We ALL need to be held accountable for what we say, write and do.

Respectfully,
Tim Hartman
WMAA


----------



## Dieter

> The main problem is in the name of Modern Arnis. At this time there is only one. Before there was two. One taught by Remy, and a second taught by his brother Ernesto. Most of the Europeans that do Modern Arnis do the Ernesto?s style were most of the Americans do Remy?s.



This used to be like that. But for  Remy examened the last 50 of our black belt exams and did not tell me "you are doing Ernestos style and not mine", I count myself to Remy´s Modern Arnis, no matter if you say we are or we are not. After the gradings he said on in the seminars, that he always was VERY happy with the quality of the gradings.

And Remy promoted me to DATU in 1996 for exeptional efforts in spreading Modern Arnis. And he should know.  



> Eventually Ernesto changed the name to Kombaton. Many of the Europeans still call it Modern Arnis.



This was years after we split.



> My comments about the WMAA accomplishments in no way were meant to insult Dieter



I did not take it as a personal insult. I would not expect that anyway. Nor was I trying to insult Tim. 
All I wanted to poit out is the fact, that the world is bigger than the US and I have the feeling that US americans sometimes tend to forget this a little.



> I think of a different system than what I?m doing. In the future I?ll probably put something to the extent that the WMAA is the largest Modern Arnis group in the world (Based on the teachings of Remy A. Presas). Hopefully this will eliminate any confusion in the future.



This is exactly the point: Do you know how big the group in Australia is, where Roland Dantes teaches? How about the Philippines? Don´t they belong to the world? Do you know how big they are? I don´t. Why don´t you say "USA" and we are in agreement?



> I think of a different system than what I?m doing.


This is interesting. And still, even though you think of a different system, you list 8 danish schools as WMAA schools (25 % of the WMAA), even though they base on my and Ernestos teaching and not on yours.
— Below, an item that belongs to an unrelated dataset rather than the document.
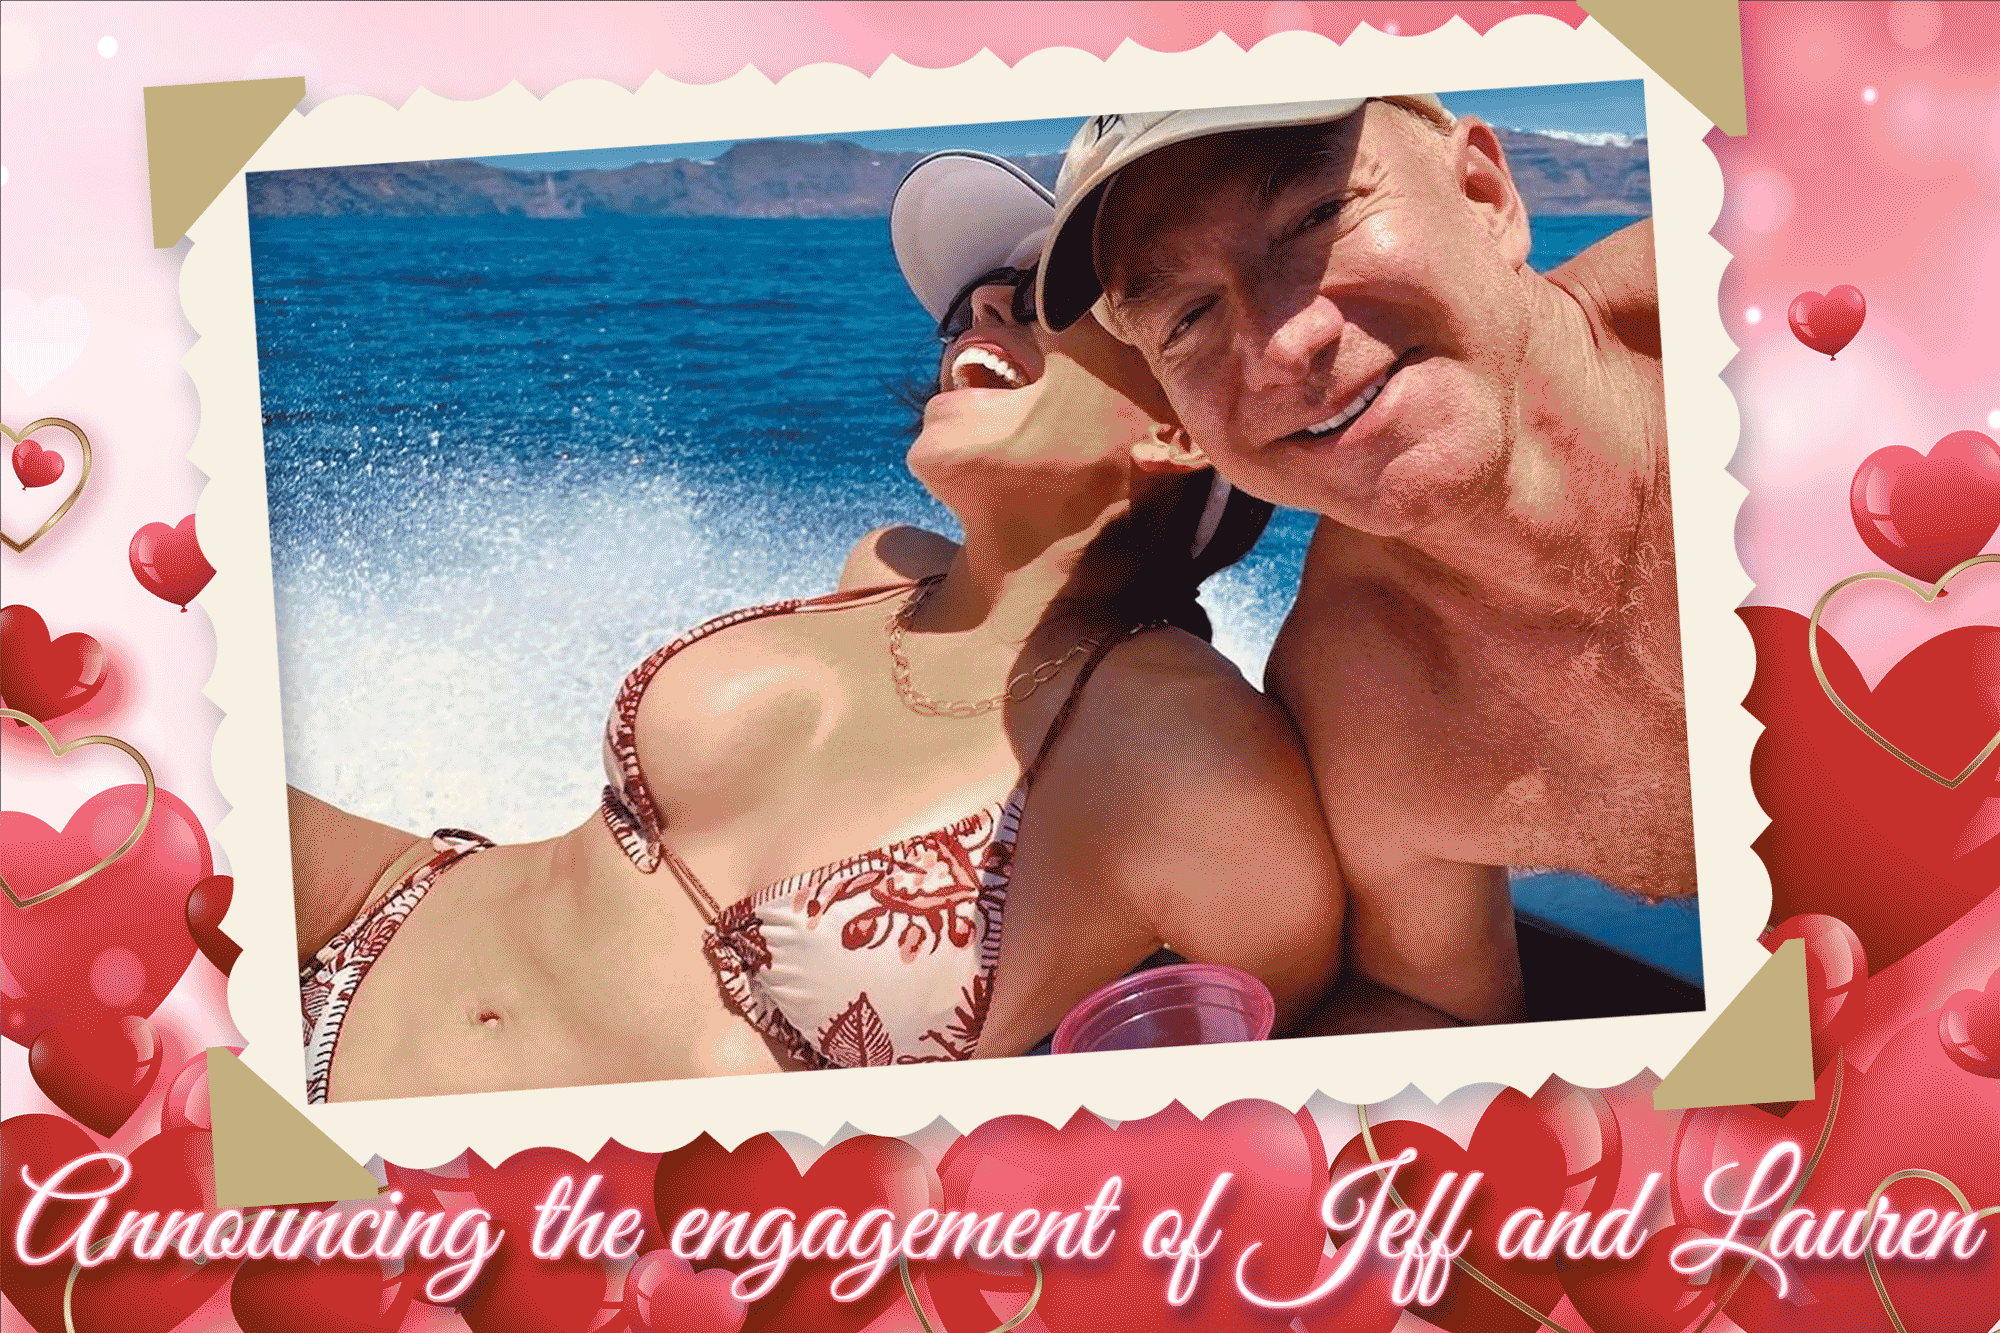 View - Tỷ phú Jeff Bezos và bạn gái "tình cảm như phim" trên siêu du thuyền | Báo Dân trí

We call this " measuring with 2 different scales"
And we also do base our teaching to a large extend on the teaching of Remy. 


I don´t write all that to say that we are bigger. Thats not the point.  
As we are influenced by Ernesto, you are by your Balintawak teacher and Dr. Guy for example. We all have our individual way and Remy accepted this.

Granted, there are differences (I will demonstrate at the symposium) but I´ll bet there are differenced between Tim´s,  Dan´s and Kelly´s Modern Arnis as well. And you all learned under Remy.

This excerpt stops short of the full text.